MEDIA PERSPECTIVE: Carling's defection to music seems to be perfectly timed

In marketing and advertising, as with most things, timing is of the

essence. With hindsight, Carling's decision not to pay the mega-bucks

demanded by the Premiership to renew its nine-year sponsorship looks

exquisitely timed. As City traders would say, it has got out at the top

of the market.



Whether you look at TV audiences or the growing belief that the game is

about to split itself asunder again, football's gravy train looks, in

Robert Maxwell's description of the print unions, to have hit the

buffers. So, Barclaycard's decision to hand over millions to take over

from Carling looks less felicitous timing-wise.



As our sister publication, Marketing, reported last week, Carling has

decided to hitch its bandwagon to a new vehicle - music. The news

surprised me, partly because it looked as though Carling was pumping the

money it previously spent on football into TV, and partly because, at

least in terms of the scale with which Carling is doing this, it is

moving into uncharted waters.



Carling has signed a long-term agreement with Clear Channel, the owner

of More Group and various radio interests, but also a serious promoter

of concerts and the owner of venues such as the Hammersmith and

Manchester Apollos. The exact details of the deal are, as yet, fuzzy,

but Carling will get naming rights to tours by the likes of Britney, U2

and Destiny's Child and pouring rights to concerts. It may also be able

to add its moniker to venues - hmm, the Carling Black Label Hammersmith

Apollo really rolls off the tongue.



But while the devil is always in the detail, it's the idea of

associating Carling with music that has real resonance. While other

brands have gone the same route before - remember when the Hammersmith

Apollo was the Labatt's Apollo? - they've mostly been niche brands

exploring niche associations with sub-genres.

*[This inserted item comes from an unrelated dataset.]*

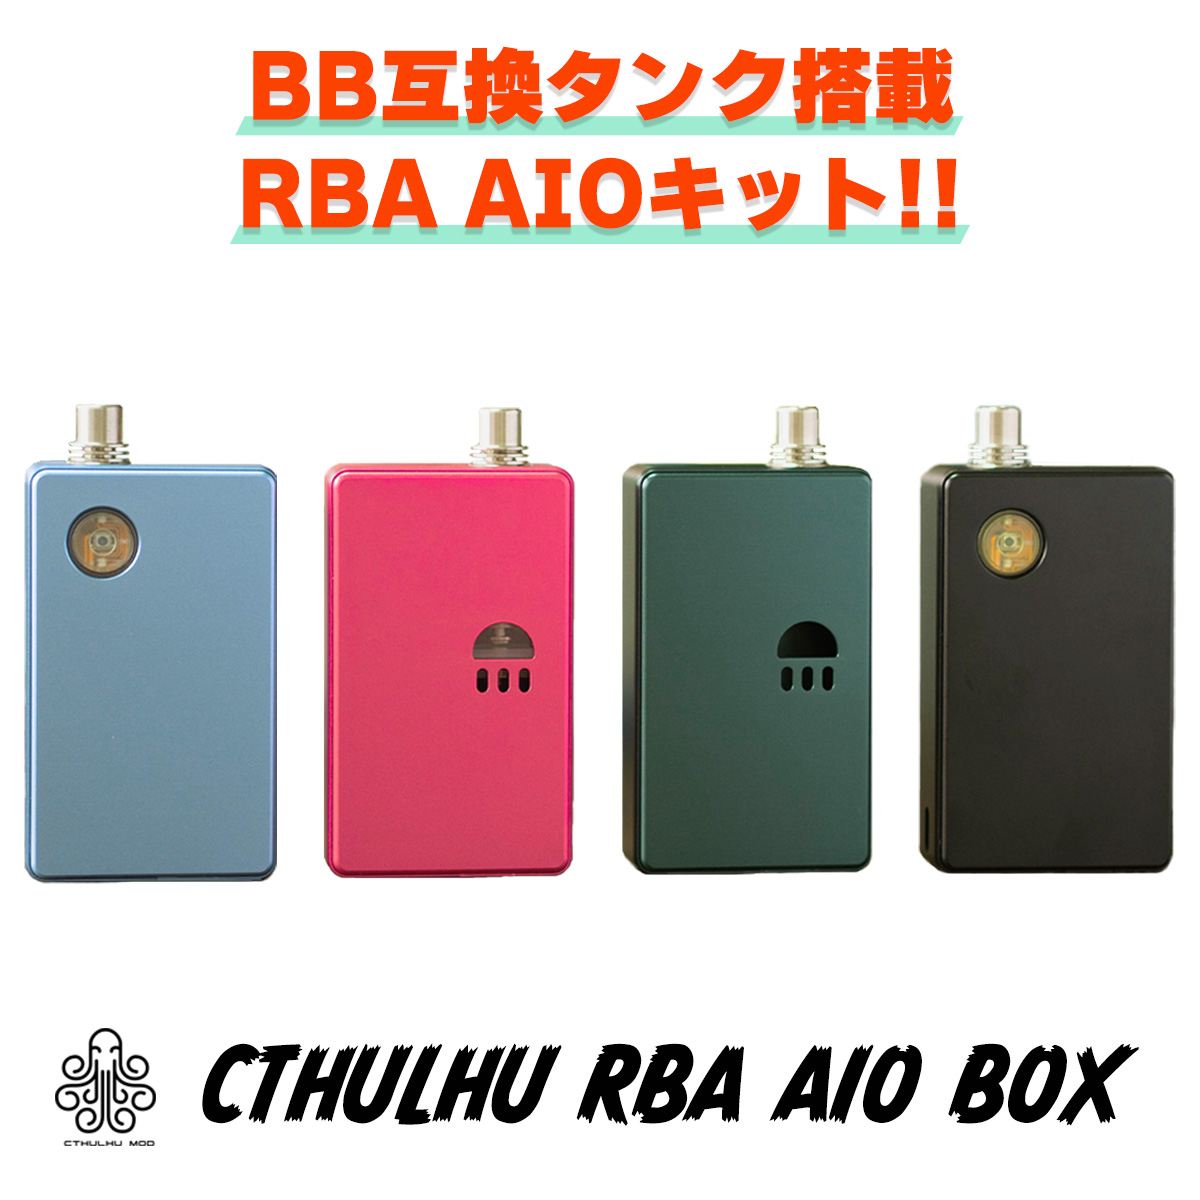 BOROタンク互換のAIO KIT Cthulhu RBA AIO BOX クトゥルフAIO 【BB互換】Cthulhu RBA AIO BOX クトゥルフ RBA BOX 電子タバコ vape RBA RTA ビルド AIO クトゥルフ ビレットボックス billetbox BOROタンク 互換 Cthulhu RBA AIO BOX
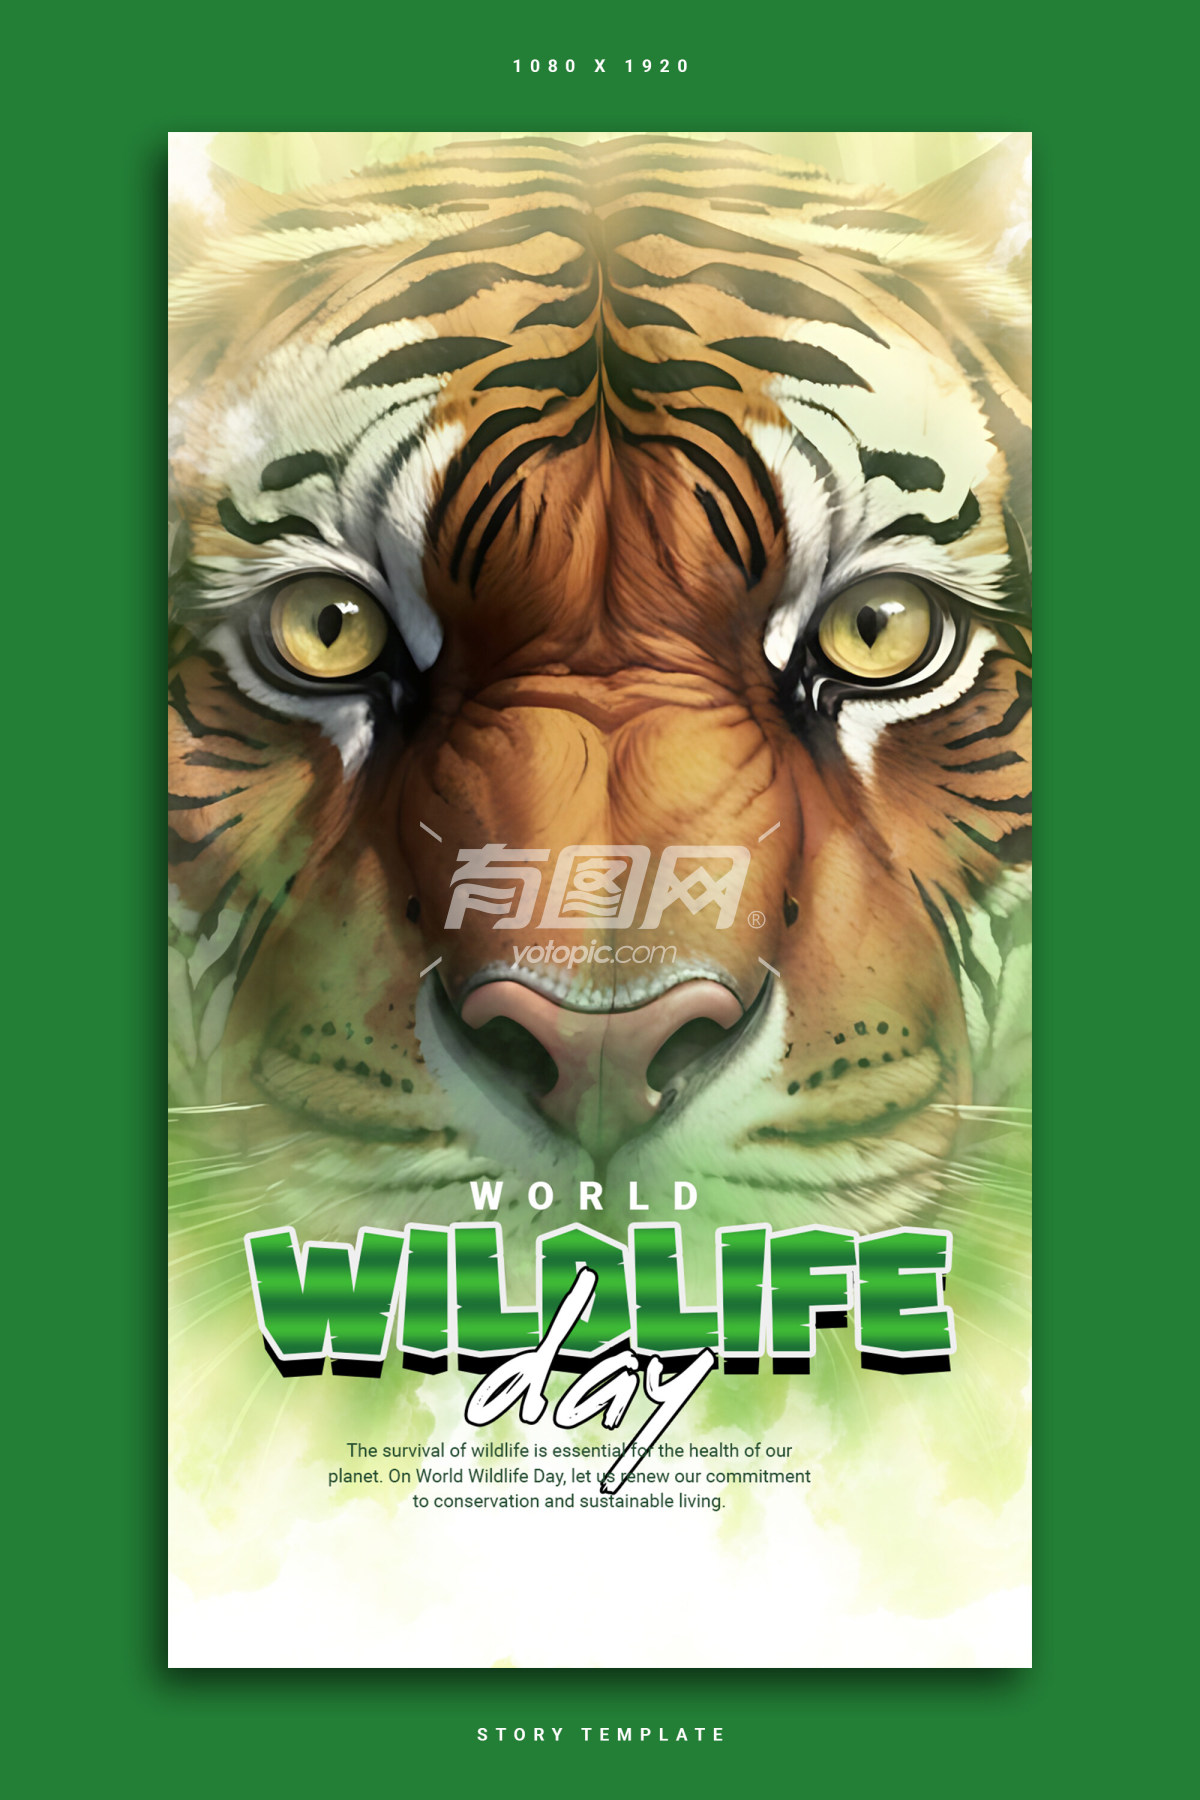 宣传野生动物保护的海报

That's fine for brands that want to position themselves at the cutting

edge. Carling, however, is a mainstream brand and in the Clear Channel

roster of artists it looks as though it has found a mainstream fit that

is appropriate.



The demographics are interesting too. For all its mass appeal, the

football audience is overwhelmingly male and conservative. If Carling is

to grow, it has to reach out to new audiences that are younger, male and

female, and more adventurous in their thinking and tastes. Within the

broad framework of that ambition, however, different artists will expose

Carling to different audiences.



Pending its forced sale by Interbrew, Carling's future is uncertain -

which may put a question mark over this deal. But Carling's track record

in sponsorship is second to none. Not only was it quick to spot the rise

of football as a marketing medium, its wholehearted exploitation of that

sponsorship in every possible way was exemplary. That augurs well for

this deal.



- Claire Beale is on maternity leave.